Esas palabras martillearon en mi cabeza durante el resto del día. Esa noche me salté la cena con una excusa. Ante el espejo, me quité la blusa y me froté el vientre. Palpé la zona dolorida por el golpe, pellizqué la piel, intenté adivinar qué cantidad de grasa podía esconder. Inicié una dieta al día siguiente, y me juré no acercarme de nuevo a ese niño hasta que no perdiera peso.
Nunca me aproximé a él de nuevo: muy pronto me salté la dieta con un atracón. Llena de vergüenza, como si hubiera cometido un pecado mortal, me encontré tan mal que intenté vomitar. Para mi sorpresa, lo conseguí, y de nuevo me sentí en paz. Creí haber dado con el modo de comer sin que mi peso aumentara. Luego, ese monstruo abrió la boca y me engulló.

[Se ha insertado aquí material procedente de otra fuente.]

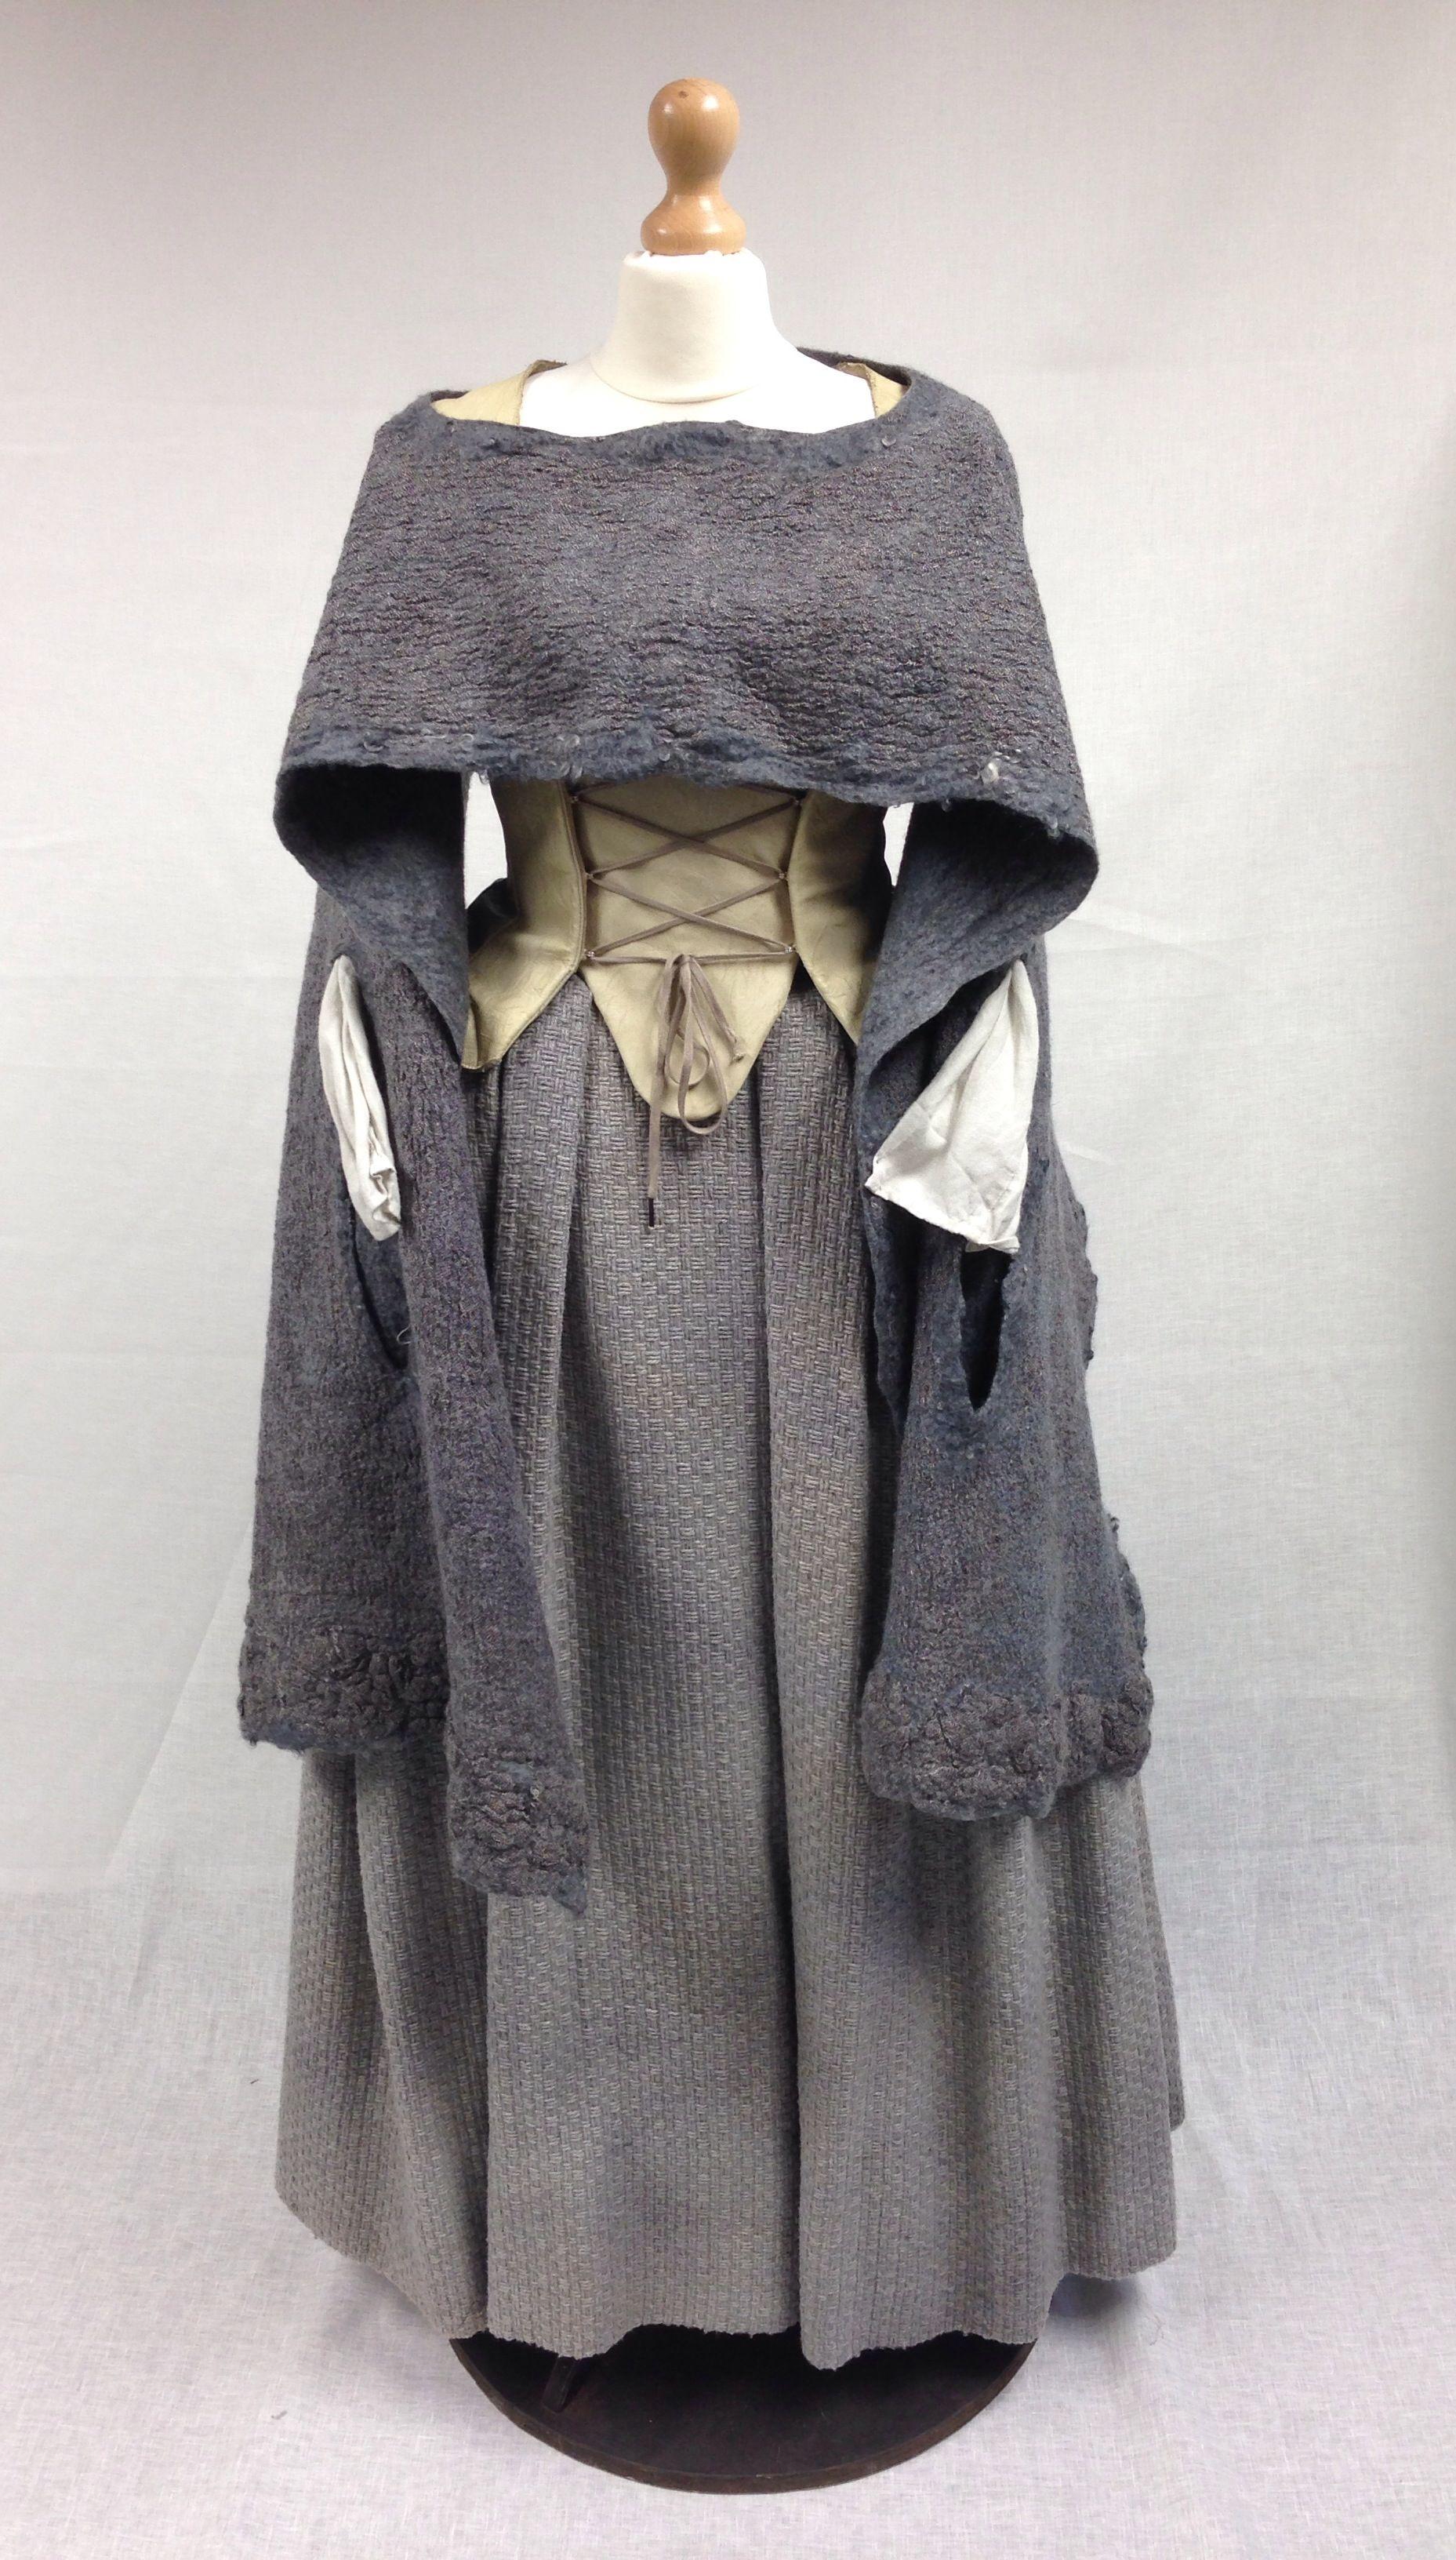 Geillis (Lotte Verbeek) Gardening Dress from Outlander on Starz on ...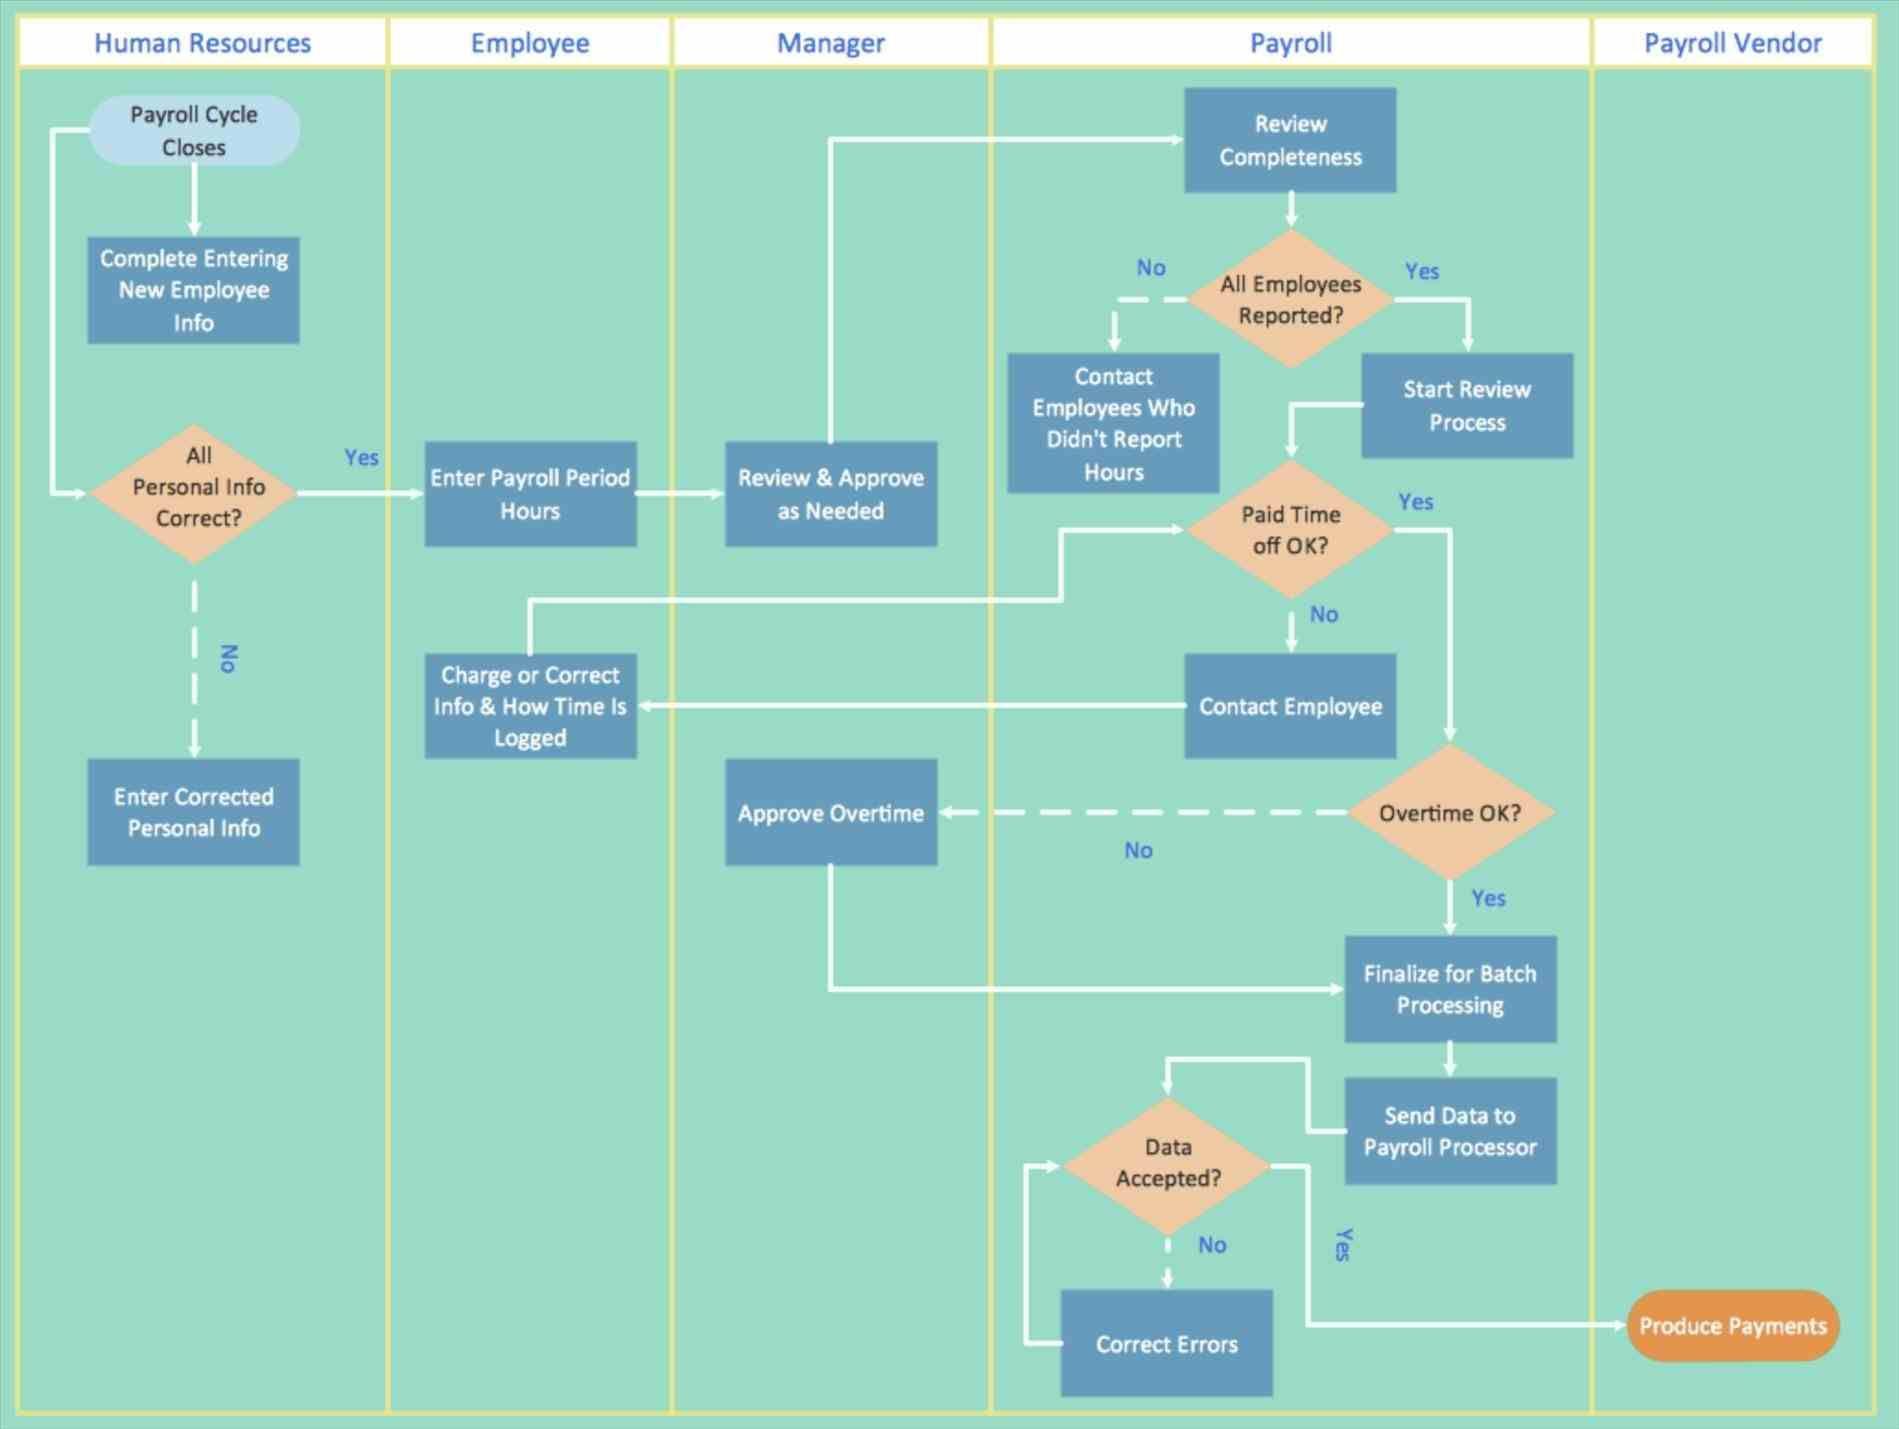 medium resolution of swim swimlane flowchart template excel lane flowchart symbols warehouse flow chart example workflow diagram process warehouse swimlane flowchart template

Hacía muchos años que no recordaba esos días. Me he entristecido. Llamo a Nina para abrazarla, y ella, sorprendida, gime bajito y acomoda su cabeza en mi hombro. Lloro por la maldad de aquella amiga, lloro como si sintiera de nuevo el codazo en mi vientre, por mi debilidad, por la niña que era yo entonces y que no supo defenderse, ni cuestionar las razones por las que me había sentido tan mal. Lloro por haber sido cobarde y por el silencio ante mis padres, furiosa con ellos por su preocupación egoísta con su matrimonio y sus infidelidades, cuando debíamos ser nosotros, los hijos, lo primero.
Lloro por la falta de comprensión de mi abuela, que me castigaba y me ridiculizaba en lugar de ser el consuelo que no encontraba en mis padres. Lloro por mi hermano, aunque no sé muy bien por qué. Por las frases que murieron en mis labios y que me habrían liberado, por la comida que se perdió por el inodoro y el dinero que gasté en ella, por todas las pequeñas vergüenzas que he arrostrado, por los errores de los médicos, primero, y del psicólogo, después.
Con las lágrimas sale la pena que no sentí por la enfermita que se suicidó, y el horror que me invadía cada vez que Amelia me mostraba un nuevo corte. Aflora el miedo a volverme loca y a que me trataran como tal, y el rencor hacia mis padres por haberme llevado al médico sin ni siquiera preguntarme lo que me ocurría, ni preguntarse qué les ocurría.
Lloro por cada vez que le he cerrado la puerta a Nina, y por las tardes con mis amigas que me he perdido porque me sentía gorda, o porque, tras probarme tres pantalones, me derrumbaba en la cama, desesperada, y luego corría a la nevera a devorar lo que fuera. Lloro por recordar mejor dónde podía esconderme para comer durante aquellas colonias de verano que los rostros de los amigos que hice. Por los cumpleaños a los que renuncié a asistir, porque creía que no sabría controlarme, por las fiestas en la piscina de mi prima a las que falté. Por aquella vida que no iba a regresar y que había desperdiciado minuto a minuto. Por aquellas punzadas de hambre que en realidad eran otra cosa, otro dolor, otra herida.
Y, en ese momento, rompo a gritar.
La herida oculta, Principal de los libros, Barcelona, 2010, pp. 143-451.